In addition, the time cost (complexity) of the methods can be partly reflected in the parameter T and θ. Generally, the smaller T or θ is, the less complex the method is.

4.4. Results

The P-R curves are shown in Figure 2 and Figure 3, and the detailed figures are listed in Table 2.

4.4.1. Compared with MIML-Semi

We can see from the P-R curves in Figure 2 that MIML-sort-p and MIML-sort-l outperform MIML-semi in the recall area (0.05, 0.1) and (> 0.3) but are inferior to MIML-semi in the area of (0.1, 0.3). MIML-sort-e has roughly similar performance to MIML-semi along the low recall curve and outperforms it when recall > 0.2. It is obvious that MIML-sort-r significantly exceeds MIML-semi in almost all recall areas, as observed from the curves. MIML-sort-r, MIML-sort-e, and MIML-sort-l have larger upper bonds on recall than MIML-semi (precision of MIML-semi drops to 0 before r = 0.35).
From the figures in Table 2 we can see that although MIML-semi has a good P-R curve, the performance on the Final F1 is far from satisfactory, due to the very low precision. This is probablydue to that the target for MIML-semi is to tune the P-R curve but not the Final F1. However, our methods not only gain good Avg F1 (Avg F1 of MIML-sort-r is 3.32% higher than that of MIML-semi) but also good Final F1 (far better than MIML-semi). We also notice that the Max F1 values of MIML-sort(s) are all higher than MIML-semi, with MIML-sort-r the best of all, 3.1% better than MIML-semi.
To conclude, MIML-sort-e is better in terms of precision and performs much more stable than MIML-semi, which can be seen from the P-R curve. We believe the label ranking strategy is quite helpful for distant supervision in choosing training groups. The stability of other MIML-sort systems is comparable with MIML-semi, but they all significantly outperform MIML-semi on Final F1. The results show the effectiveness of the selection strategies. The best Final F1, which is naturally achieved by MIML-sort-e, shows that the ensemble absorbs the advantages of the base methods.

4.4.2. Compared with Other Baselines

It is clear that MIML-sort(s) behave beyond the three baselines. Among the methods, MIML-sort-l always performs better, especially in the low recall region (< 0.1). MIML-sort-p also maintains higher precision than MIML-re in the low recall region, while being higher than Mintz++ in the high recall region. MIML-sort-r significantly outperforms all the baselines, and its precision is even 10% higher than MIML-re and Mintz++ around the recall = 0.1 point. It also extends the upper bond of recall to 0.4 which is a major improvement over other work. The curve of MIML-sort-e is also remarkable compared with baselines, and it reaches the highest precision when the recall is very low and still maintains a relatively high precision when recall > 0.3.
Some improvements can be seen more clearly in Max F1 and Avg F1 in Table 2. MIML-sort(s) have better Max F1 than all other work.
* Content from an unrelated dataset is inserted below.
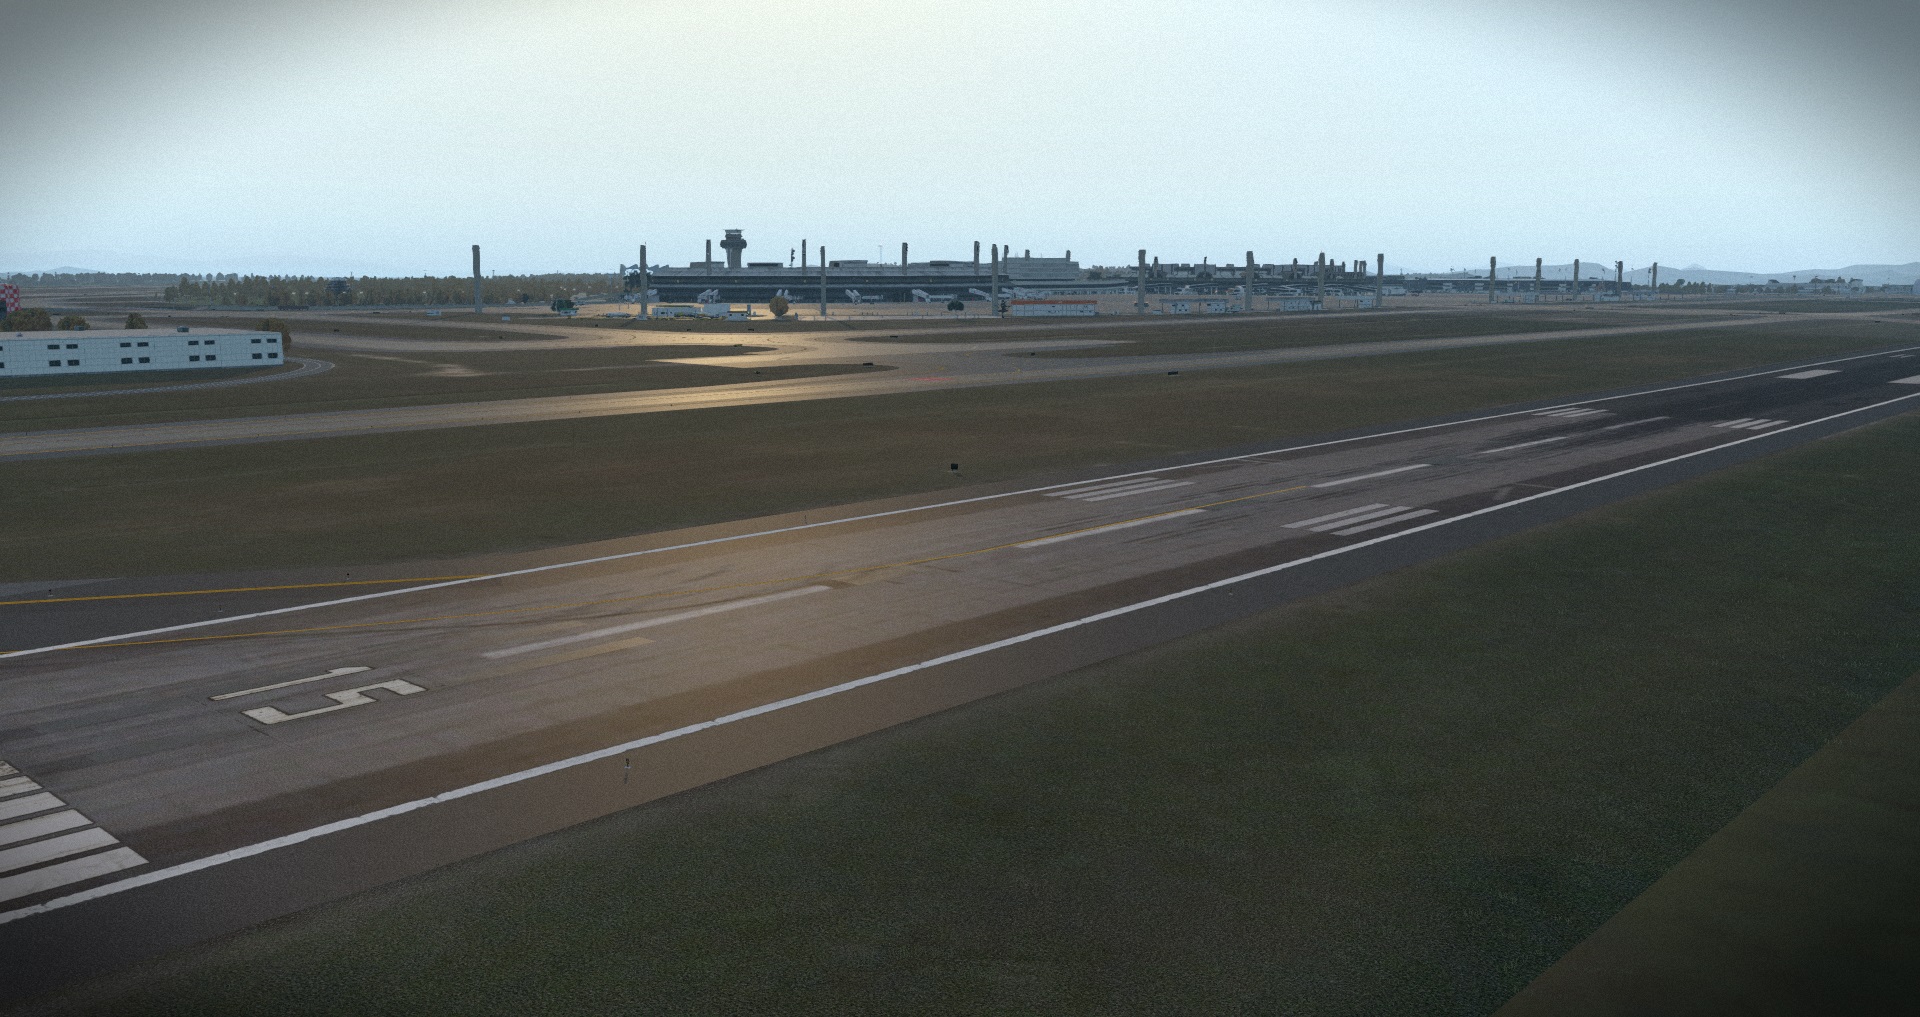 X-Plane 11 - Add-on: Aerosoft - Airport Rio de Janeiro Intl V2.0 screenshot

Avg F1 directly reflects the level of the P-R curve, and we find that MIML-sort-r’s figure is prominent, which is 4.12% higher than MIML-re and 5.26% higher than Mintz++. The official test results of KBP slot filling evaluation can be recognized from precision, recall and Final F1. We notice that MIML-sort-e gains the best Final F1, with an enhancement of 2.68% than MIML-re and 9.59% than MIML-semi. Other MIML-sort(s) also outperform the baselines. In addition, we see that our methods mostly benefit from recall (an exception is MIML-semi who has a very imbalanced precision and recall). We think this is mainly due to the improvement of data quality by applying the ranking-based methods, which reduces ambiguities for classification.
Another set of information shown in Table 2 are the parameters when the algorithm converges to the optimal. It is noticed that most Ts for MIML-sort(s) are less than 8 which is proven to be optimal in MIML-re. This indicates that our proposed methods can make the EM algorithm converge faster thereby lower down the computational cost. Particularly, the optimal T for MIML-sort-r is only 2, which saves a lot of running time. The values for proportion parameter θ show that we did not remove too many training groups and most of the heuristically generated data were useful for the MIML training process. More details about the characteristics of the removed groups are described in the discussion section.
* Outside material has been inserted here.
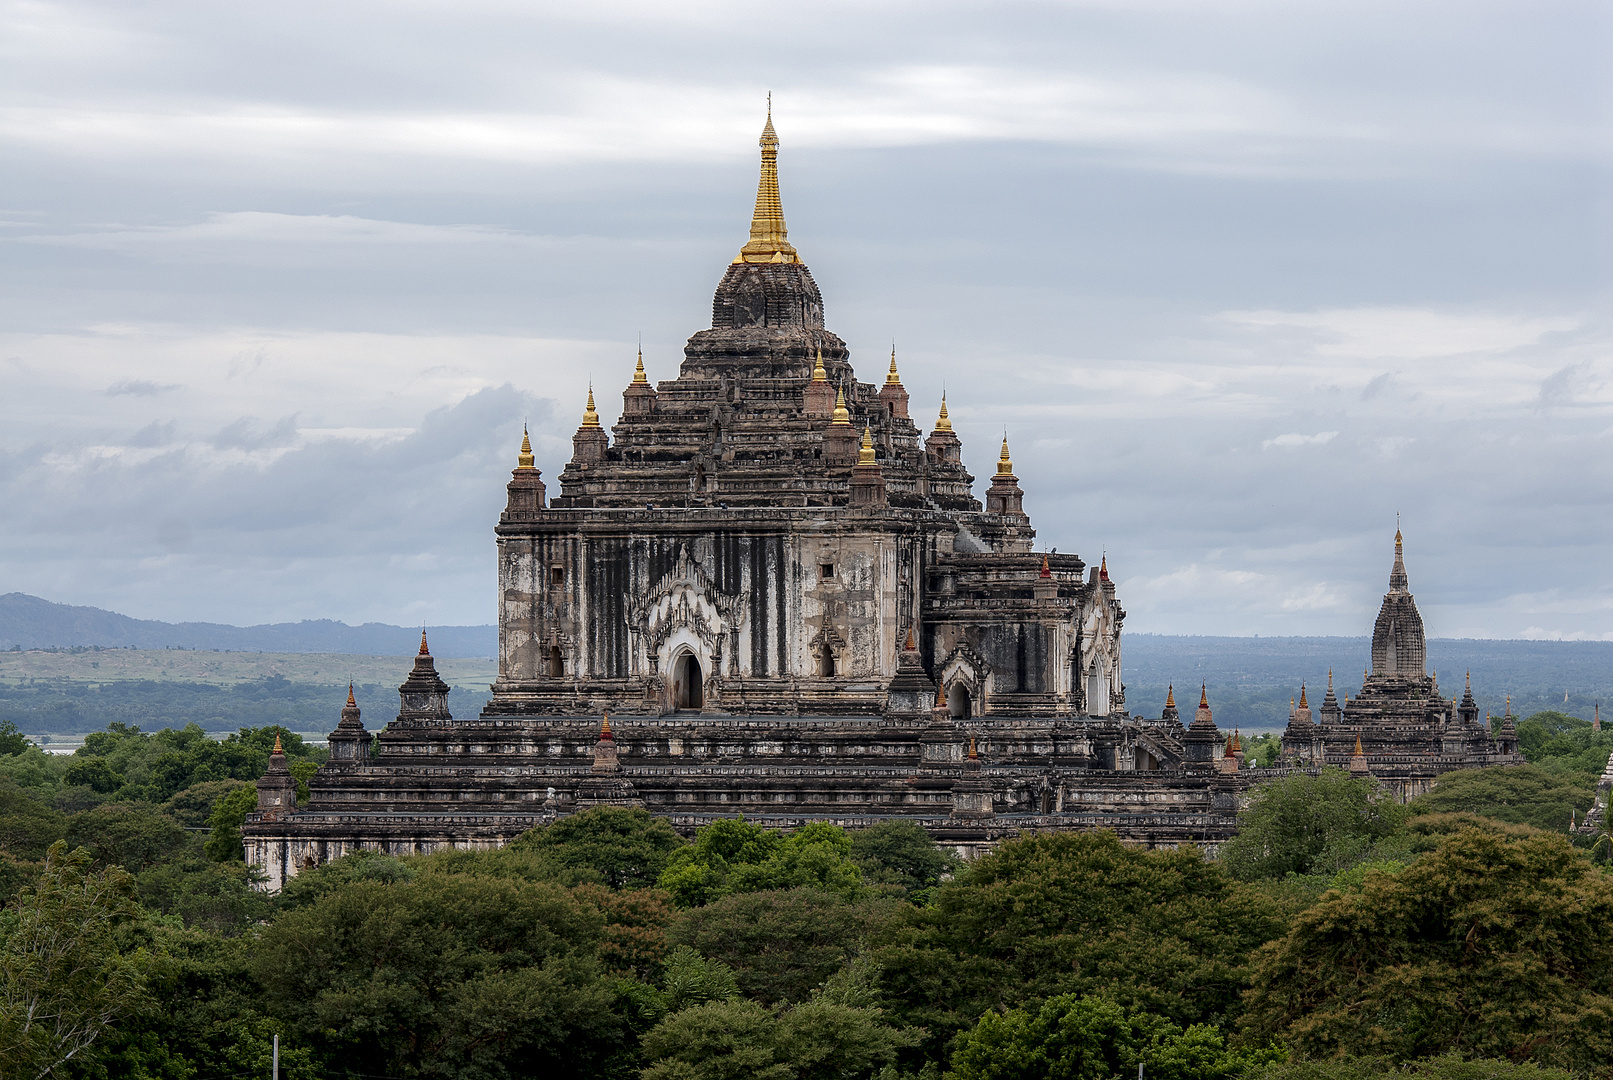 Thatbyinnyu Temple in Bagan

5. Discussion and Future Work

We see that removing the less effective training groups boosts the system’s recall but maintains good precision so that F1 can be improved. Comparing the three basic methods we propose, we learn that MIML-sort-r performs best (from the curve), in terms of both the maximum and the average performance. The ranking strategy used in this method is validated as very effective for distantly supervised relation extraction and we think it also can be integrated in other learning frameworks, behaving as an element for the loss function. Compared with MIML-sort-r, MIML-sort-l and MIML-sort-p both have their drawbacks: MIML-sort-l does not consider the imbalanced distributions for instances (i.e., a sentence with a probability of 0.8 might be strongly classified to relation l but only weakly to relation l’) and MIML-sort-p lacks the information of group-level labels. However, through computing rankings between relations, MIML-sort-r tends to retain the groups that are most likely to be correctly annotated.
We also believe the extension to the upper bound of recall on the curve is a remarkable issue through which we can make more flexible adjustments to the results according to different applications. In this section, we further discuss in which case a group is likely to be removed.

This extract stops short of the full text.